— Осталась ли предсмертная записка? — спросил Барлоу.
— Мы ее, во всяком случае, не обнаружили. Я побывал в комнате у Джейн сразу после ее самоубийства. Полный порядок, на письменном столе бумага и ручка, но никакой записки. Мистер Д. отвел глаза в сторону, когда я спросил его об этом. Так что…
— А каким образом она покончила с собой? — задал вопрос Паз. — Есть сведения о какой-то яхте…
— О, это еще одна головная боль. Убийство произошло в субботу, похороны состоялись во вторник. А в ночь на среду с западной стороны донесся звук сильного взрыва, вернее звуки, потому что взрывов было несколько. Оказывается, Джейн воспользовалась отцовской моторной яхтой, поставила парус и отплыла в сторону Саунда. Вскоре после полуночи она находилась в пяти милях южнее Нью-Хэвена, там яхта и взорвалась.
— Тело обнаружили?
— Нет, яхту разнесло в клочья. На борту держали баллон с пропаном, для вспомогательных нужд, а мотор работал на дизельном топливе. Пламя от взрыва видели даже в Нью-Лон-доне. Если Джейн находилась на борту, то она стала пищей крабов, их у Саунда полно.
— Значит, самоубийство?
— В официальном отчете это определено как несчастный случай, — подчеркнуто безразличным тоном произнес Хайнрих. — Католическая семья. Да и какое это имеет значение? Хотите знать мое личное мнение, не для протокола? Я полагаю, она была не совсем в себе и допустила неосторожность. Яхту ничего не стоит взорвать по неосторожности.
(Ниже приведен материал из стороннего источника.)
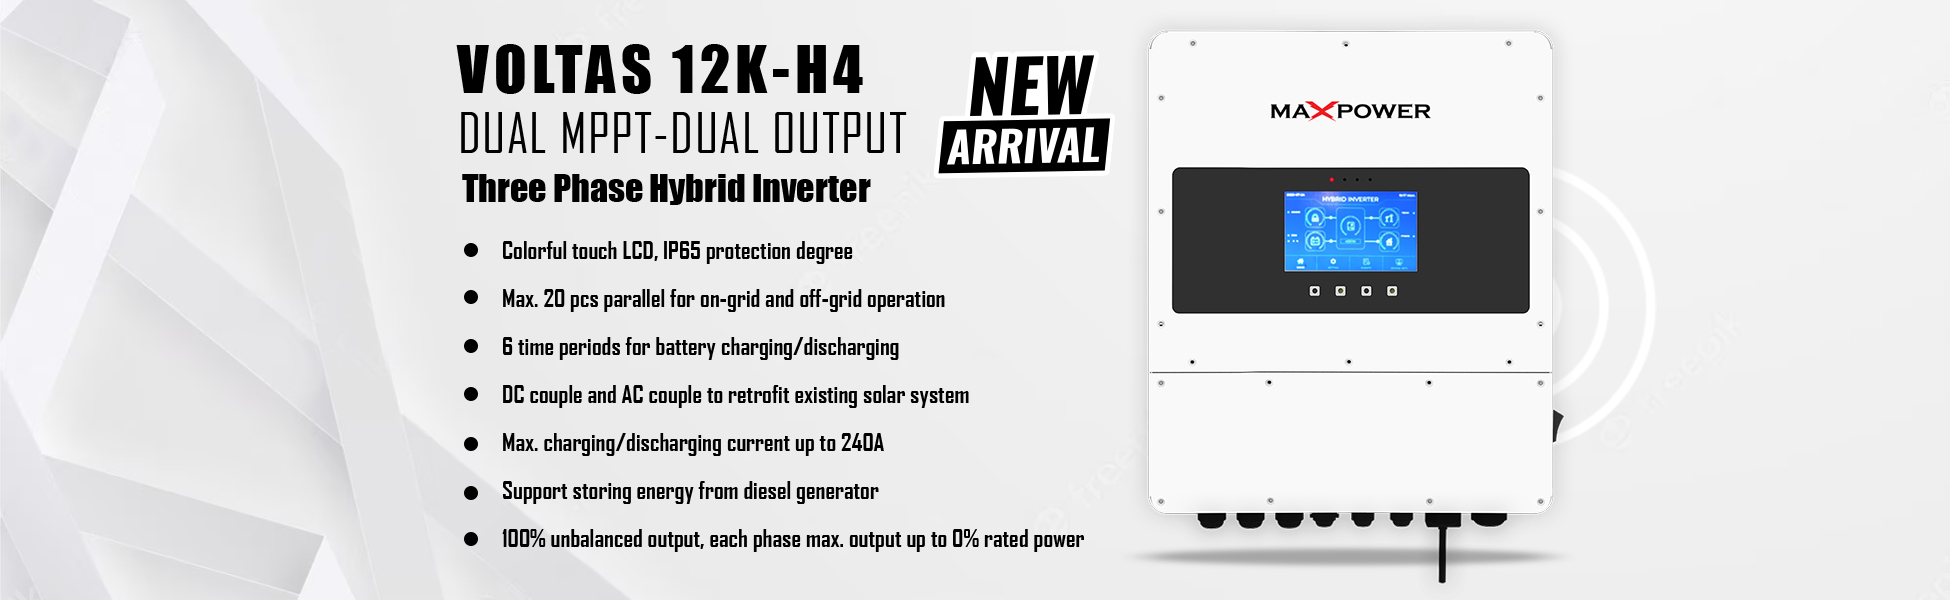 Voltas 12K-H4 Hybrid Inverter
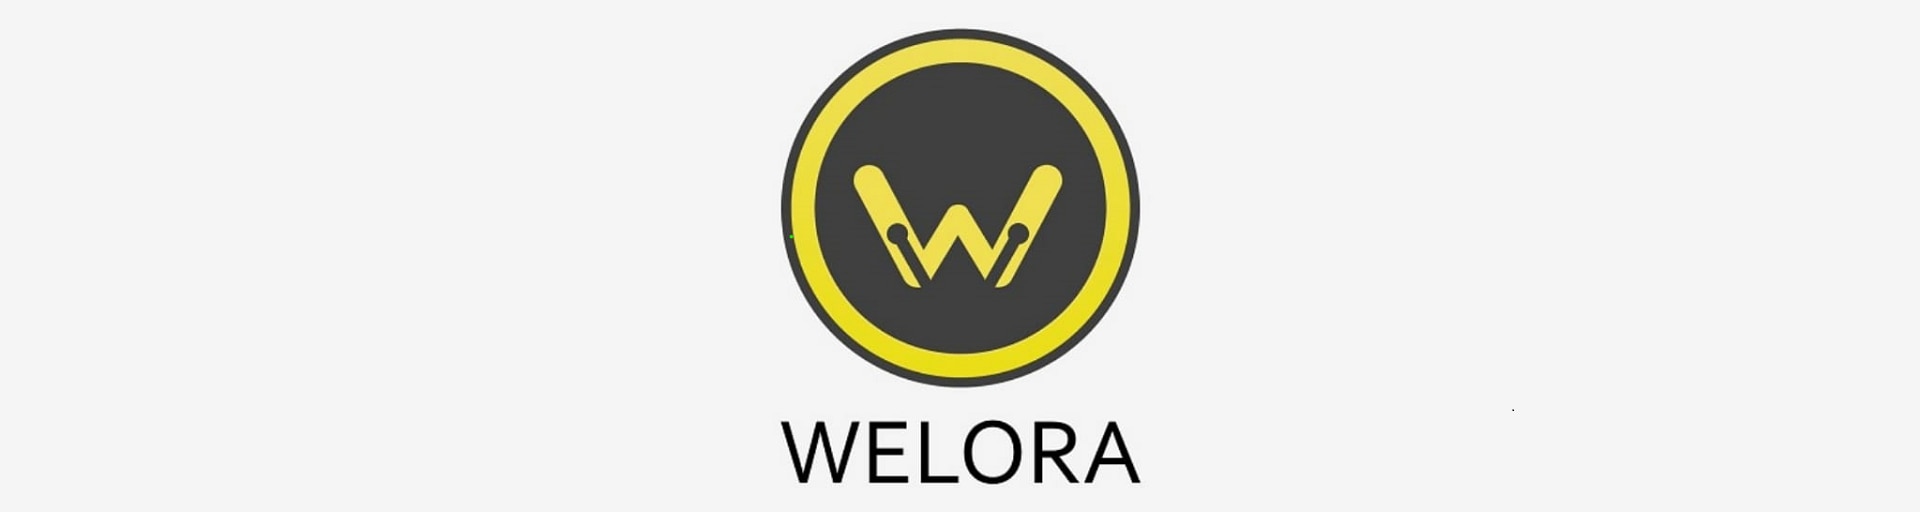 Welora

— Но возможно, она все это подстроила, а сама сбежала?
— Возможно, однако вряд ли. О ней с тех пор никто не слышал. Больших сумм она до того не снимала со своего счета и вообще им в дальнейшем не пользовалась. Поверите ли вы тому, что она помешалась, зарезала сестру, а потом составила план бегства, достойный изощренного преступника международного уровня? Думаю, такое вряд ли могло произойти. По крайней мере, я этому не верил вплоть до вашего звонка. А теперь я уже не знаю, что и думать. Если ей сдалось бежать, имитировав самоубийство, она могла осесть и в Майами. Безумна ли она? Скажу вам, друзья, следующее: ее муж в этом убежден. Может, она до сих пор безумна. Может, ей понравилось убивать.
Глава двадцать вторая
Ветер разбудил меня за час или два до рассвета. Я выбираюсь из своего гамака и выхожу на крыльцо. Лус спит в своей новой комнатке, так что я теперь могу выходить из дома без опасения потревожить ее сон. Это еще не ураган, как я понимаю. Невозможно жить в Майами и не заметить бурные предвестники грядущего урагана. Но ветер все-таки очень сильный, под его ударами громко хлопают один о другой листья пальм и сикад, а густая листва смоковниц и кротонов шумно шелестит. Скорость ветра, как я считаю, не меньше тридцати узлов, из далекой отсюда гавани до меня доносится нестройный и жалобный стон корабельных снастей. Ветер нетипичный для Майами. Он дует откуда-то из дальних стран — очень теплый — и несет с собой песок, словно харматтан — горячий ветер Сахары.
Утром, когда я и Лус выходим на улицу, вокруг царит полное безветрие. Машина и листва окружающих растений покрыты тончайшей рыжевато-красной пылью. Я провожу пальцем по крыше «бьюика» и сую палец в рот. Вкус Мали у меня на языке. Да, говорю я себе, да, да, все в порядке, я получила извещение. Я подчинюсь судьбе, я принесу жертву. Благодарю. Лус рисует пальцем большущее сердце на дверце машины.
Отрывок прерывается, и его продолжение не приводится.